Cedric Wannaz on 24 Jan 2013
A little variation of this loop. If the time frame of your data is nDays days, you could build a matrix of zeros or NaN, and set its rows or columns only for days when you have a data point. For example..
data = ..
dataWithGaps = nan(nDays, nHeights) ; % or zeros(..).
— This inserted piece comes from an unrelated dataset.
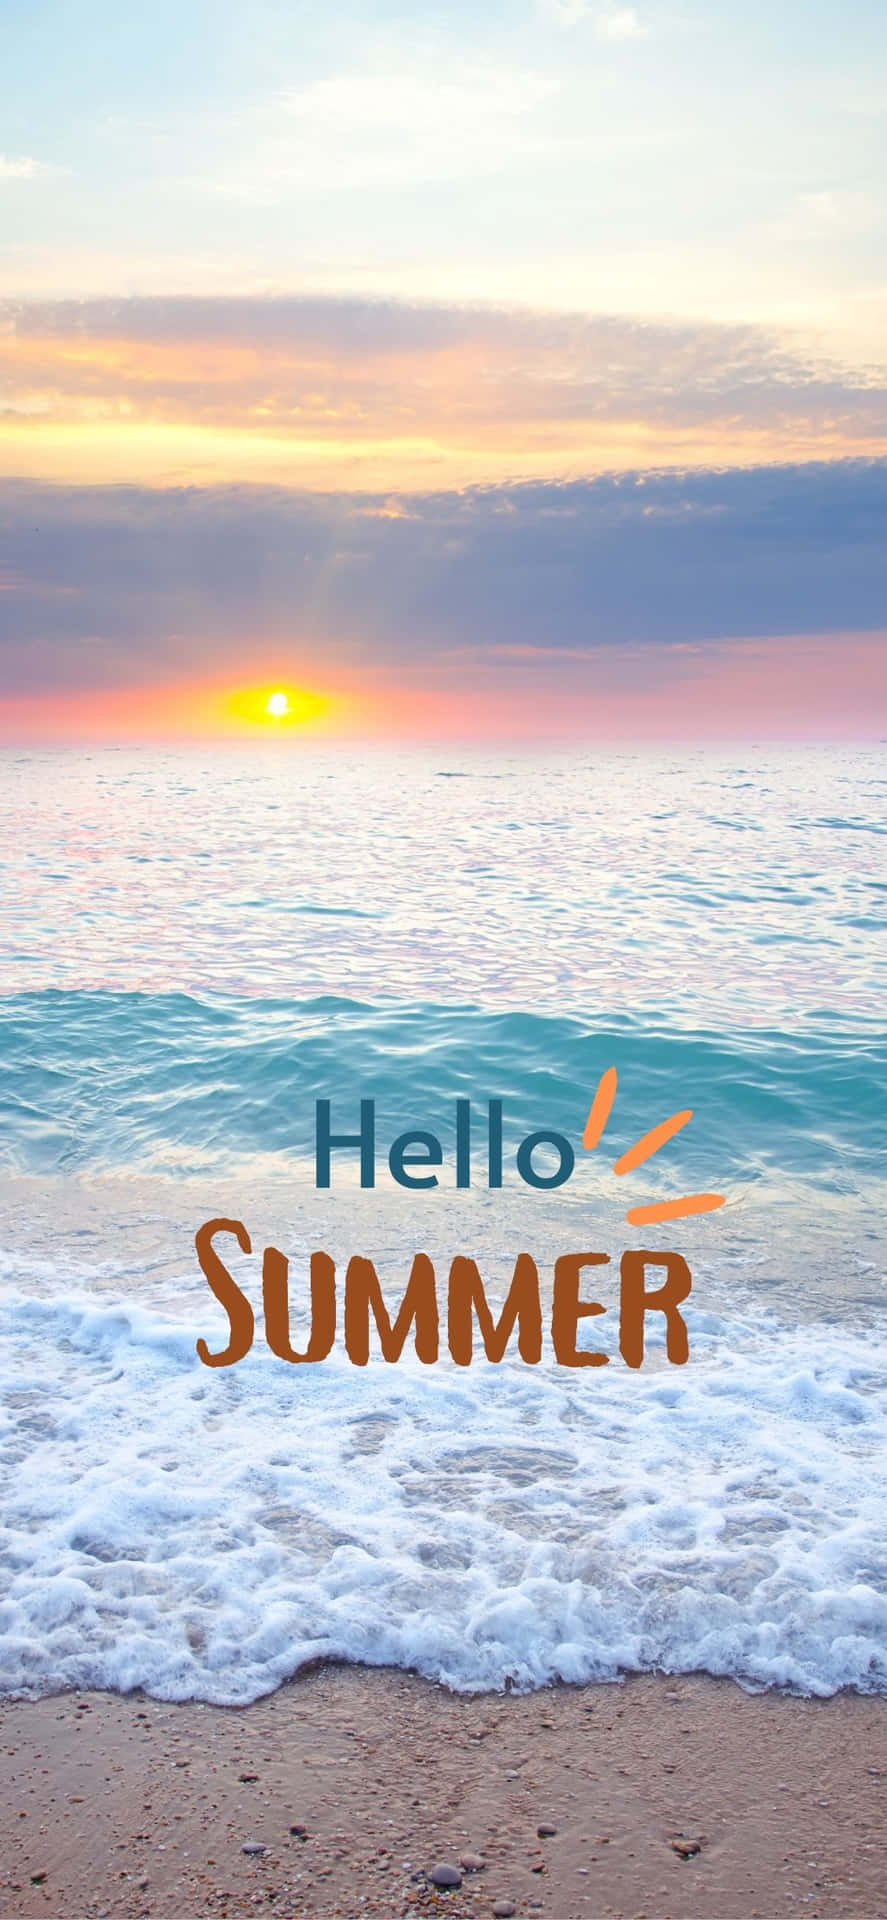 Hello Summer Sunset iPhone X Summer Background

for ii = 1 : size(data, 1)
dayId = ... % Whichever solution you choose
% for assoc. indices to days.
dataWithGaps(dayId,:) = data(ii, :) ;
end
maria on 26 Jan 2013
That's really better. Thanks!

Peter Perkins on 3 Jan 2017
One solution to this question, as I understand it, would be to make the plot using dates, not indices. Using datetime, a very simplified version goes like this and creates the attached figure, with the gap at April that you're looking for:
>> Date = datetime(2012,[1;2;3;5;6],1,3,0,0);
>> Value = randn(5,1);
>> plot(Date,Value,'o')
Another solution if you have access to the latest release, R2016b, is to use a timetable, and then plot from that:
>> tt = timetable(Date,Value)
tt =
Date Value
____________________ ________
01-Jan-2012 03:00:00 -0.20497
01-Feb-2012 03:00:00 -0.12414
01-Mar-2012 03:00:00 1.4897
01-May-2012 03:00:00 1.409
01-Jun-2012 03:00:00 1.4172
>> newDates = min(Date):calmonths(1):max(Date);
>> tt = retime(tt,newDates,'FillWithConstant','Constant',0)
tt =
Date Value
____________________ ________
01-Jan-2012 03:00:00 -0.20497
01-Feb-2012 03:00:00 -0.12414
01-Mar-2012 03:00:00 1.4897
01-Apr-2012 03:00:00 0
01-May-2012 03:00:00 1.409
01-Jun-2012 03:00:00 1.4172
Prior to R2016b you can do that "by hand", using ismember(Date,newDates), but timetable makes it easy. Hope this helps.